Best Practices: Data Entry Controls

Data entry is a massive candidate for human error. Instead of relying on one of your AP staff members to input the information from each invoice or purchase order by hand, scan the documents into a document reading tool that can automatically extract the information and distribute it through the business systems you employ. Flow by Nanonets is customized to eliminate manual data entry and seamlessly communicates with all top ERPs, CRMs, and other business tools. 

Best Practices: Payment Entry Controls

In alignment with the payment entry controls themselves, be sure to keep some segregation of duties in the process. You don’t want the same person who approved the invoice to be the person who writes and signs the check; another set of eyes should be looking everything over before a payment is made. Even better, consider switching to ACH payments or wire transfers instead of printed checks. Things can’t get lost, the paper trail is indestructible, and payments are received almost immediately. 

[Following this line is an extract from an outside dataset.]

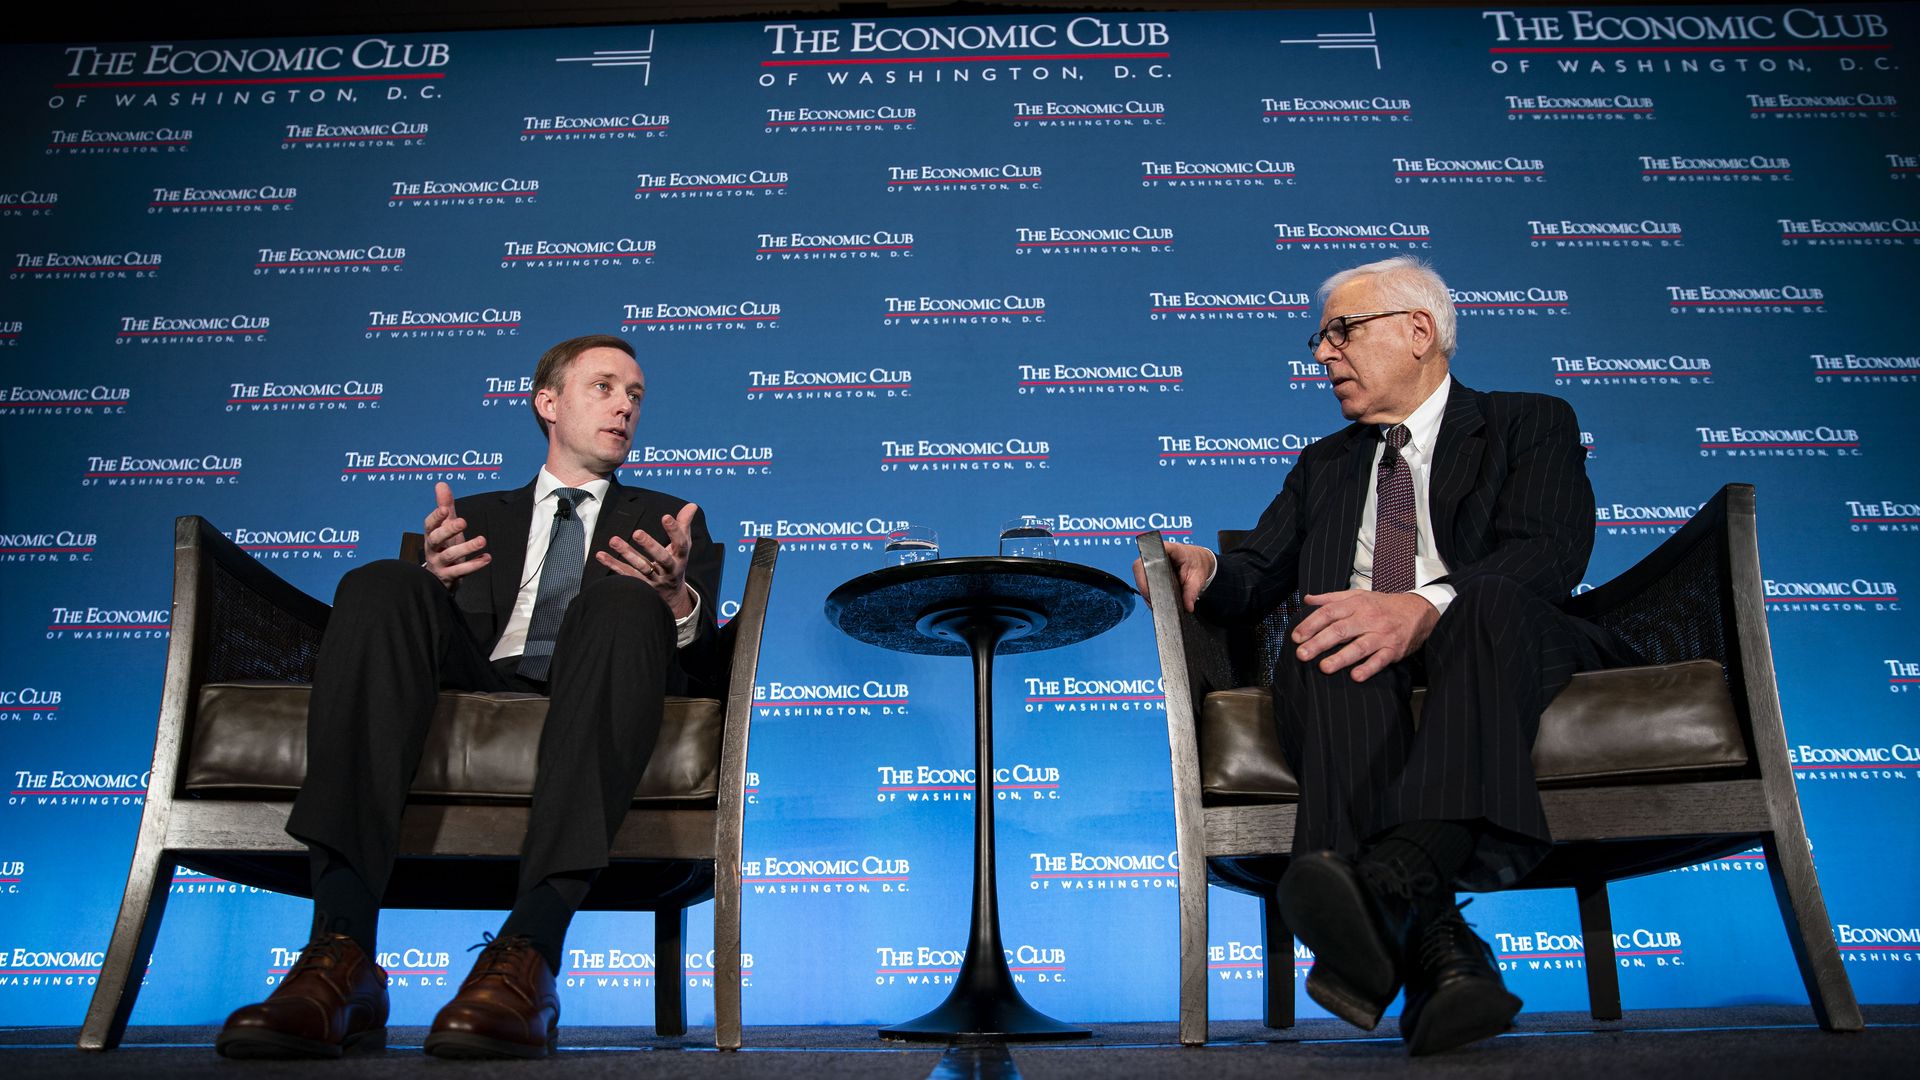 National Security Adviser Jake Sullivan is seen being interviewed at the Economic Club.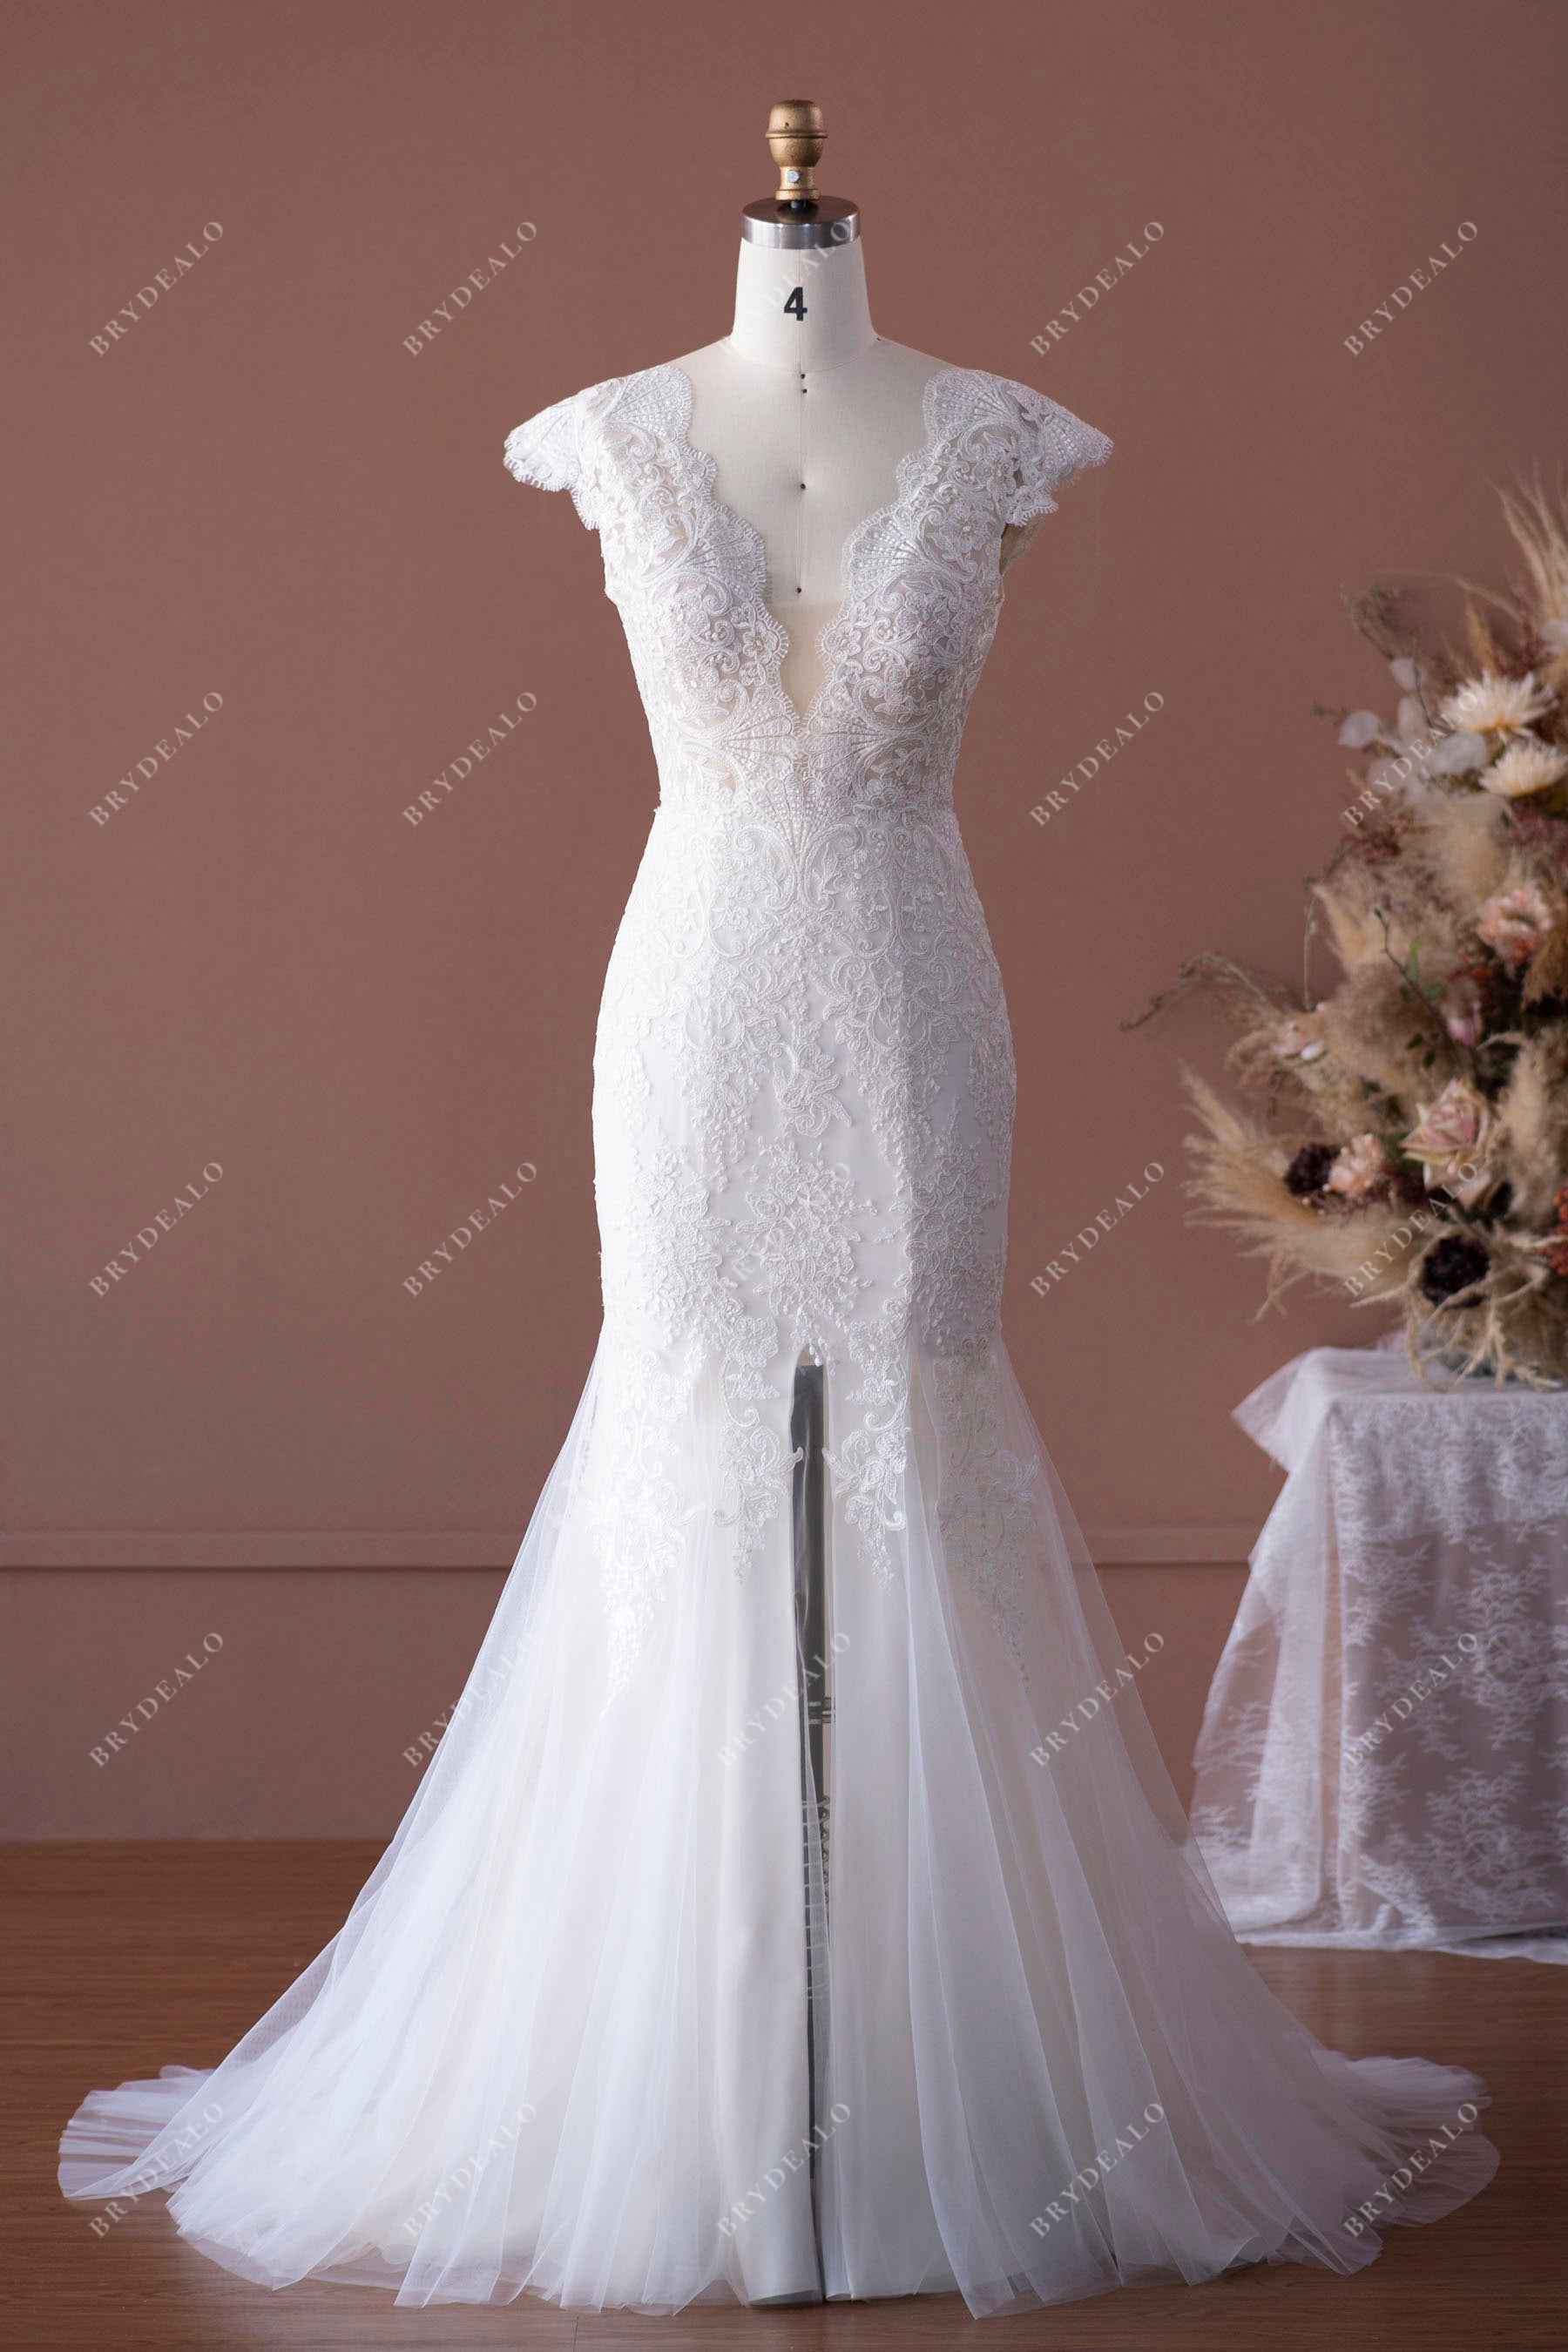 cap sleeves scalloped lace neck fit and flare wedding dress with high slit

Internal Controls for Accounts Payable Protects Your Business, Vendors, and Customers

If you’re eager to implement new AP controls but you aren’t sure where to start. Sit down and audit the process from start to finish. Who is involved? What are the exact steps that take place from once an invoice is received until it is paid? What are the pain points with the current process? How does technology factor in

Once you have the answer to these questions as a baseline, you can start to identify the low-hanging fruit and more complex changes before jumping in. You’ll need people who understand the function very well to help implement new controls or updated processes, but once complete, these controls will protect your business and every person or organization that is involved with it.